Стучали в окно. Я открыл его, влетел ветер и отбросил меня к кровати. Мама встала и направилась к двери. Она открыла ее и издала тихий стон. Папа оставался на месте. Запахи смерти, горечи, старых тел, выдавленных глаз и старых ран заполнили комнату. Несколько глаз зажглось в темноте. От двери раздался смех, и в дыхании вошедших чувствовались дурная пища и голод всего мира. Они вошли в комнату, окружив нас. В темноте, вместе с внесенным ими горьким ветром, с размеренностью странников, ставших нашими хорошими знакомыми, они расселись на полу, на кровати, на моем мате. У нас перехватило дыхание от их присутствия. Один из них пошел и уселся у папиных ног. Это была девочка. Я чувствовал запах ее горькой красоты, ее вытекшего глаза, ее немытых грудей. Они пришли к нам не как завоеватели, а как люди, которые долго прождали, чтобы занять свое место среди живущих. Они ничего не говорили. Мама стояла у двери. Все москиты ринулись в комнату; светлячки группами летали вокруг неподвижных фигур. Красная бабочка кружила над головой девочки, и когда бабочка села на нее, в комнате стало немного светлее от оранжевого света, от которого у меня задергался глаз.

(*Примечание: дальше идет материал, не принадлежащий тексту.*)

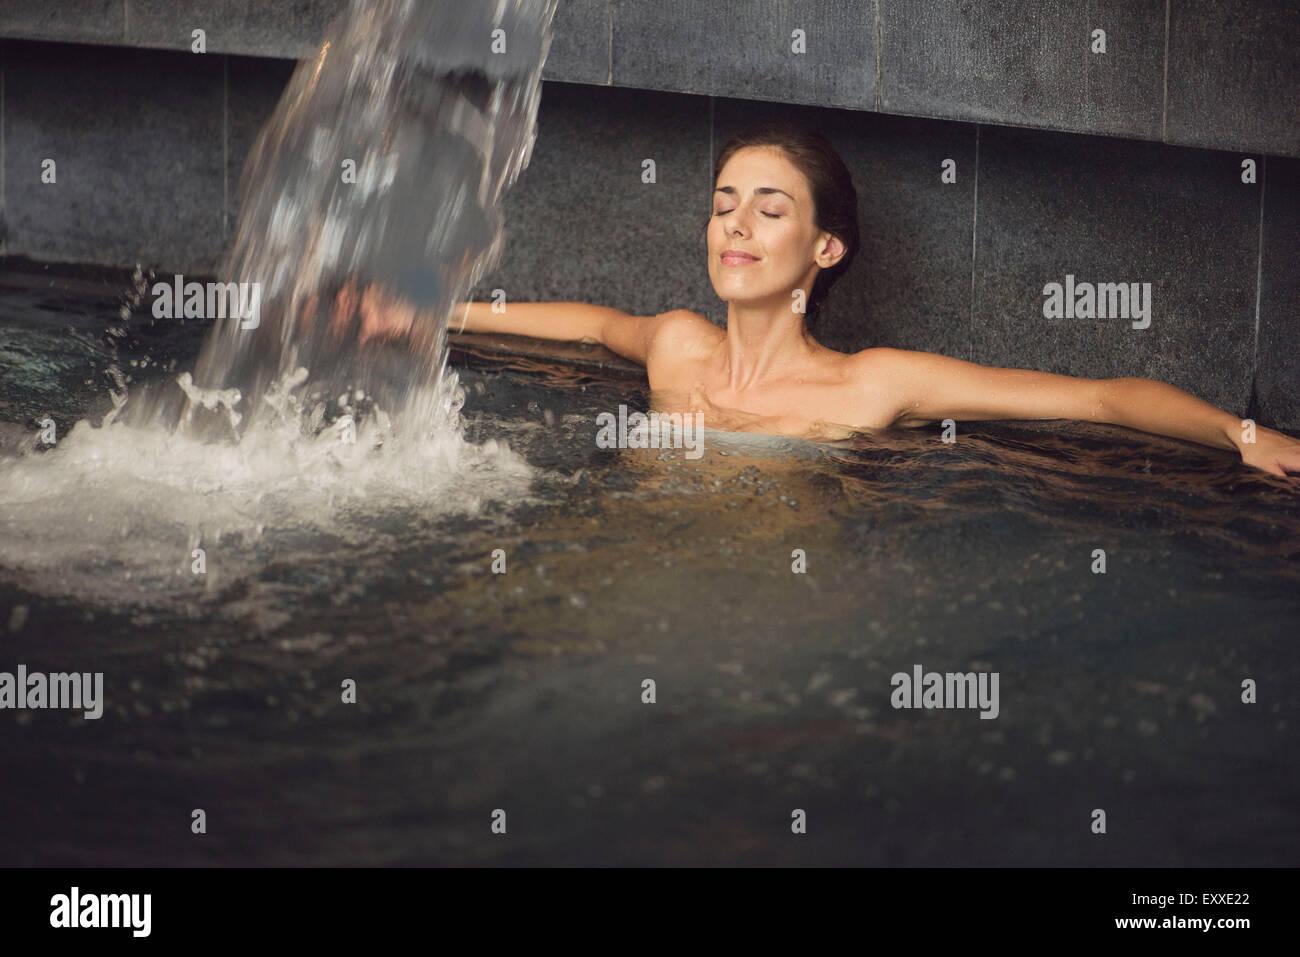 Femme baignant dans la piscine spa Photo Stock

– Кто вы такие, люди? – спросил Папа голосом, лишенным страха.

Наступила долгая тишина.

– Азаро, кто они такие?

Девочка вытянула руку и положила ее на папину ногу. Затем она стала ее гладить. Она гладила его ноги с нежностью, пока они не начали светиться оранжевым светом и выглядеть, словно их отполировали и отделили от тела.

– Мои ноги горят, – сказал Папа, – но я не чувствую тепла.

– Кто вы все? – прокричала Мама. – Убирайтесь отсюда прямо сейчас! Вон!

Опять наступила тишина.

– Это нищие, – сказал я.

Мама задержала дыхание. Папа отдернул ноги и сел прямо. Оранжевый свет погас в комнате. Я услышал, как Папа нащупал коробку спичек. Через секунду спичка была зажжена, но не Папой. Девочка-нищая подняла спичку в воздух и стало светло. Она была так прекрасна, сидя у ног Папы. Ее пустой глаз в обманчивом свете приобрел загадочный желтый оттенок. Ее нормальный глаз был почти голубым, но он был полон глубокой печали и тишины. От ее одежды пахло. Ее лицо было безмятежным, как у ребенка-духа. Не сводя глаз с Мамы, девочка зажгла свечу. Мы осмотрелись и увидели, что все нищие мирно сидят, словно на сельском собрании, на полу, прислонившись спиной к стенам, на кровати, каждый из них обремененный своей увечностью, выставляя гниющие раны, гротескные обрубки рук, похожие на резиновые кривые ноги. Один из них был с массивной головой, как у бронзовой скульптуры, источенной временем. У другого было распухшее адамово яблоко. У третьего – самые выпученные и бдительные глаза, какие мне только доводилось видеть. Казалось, что их создал какой-то извращенный или пьяный бог.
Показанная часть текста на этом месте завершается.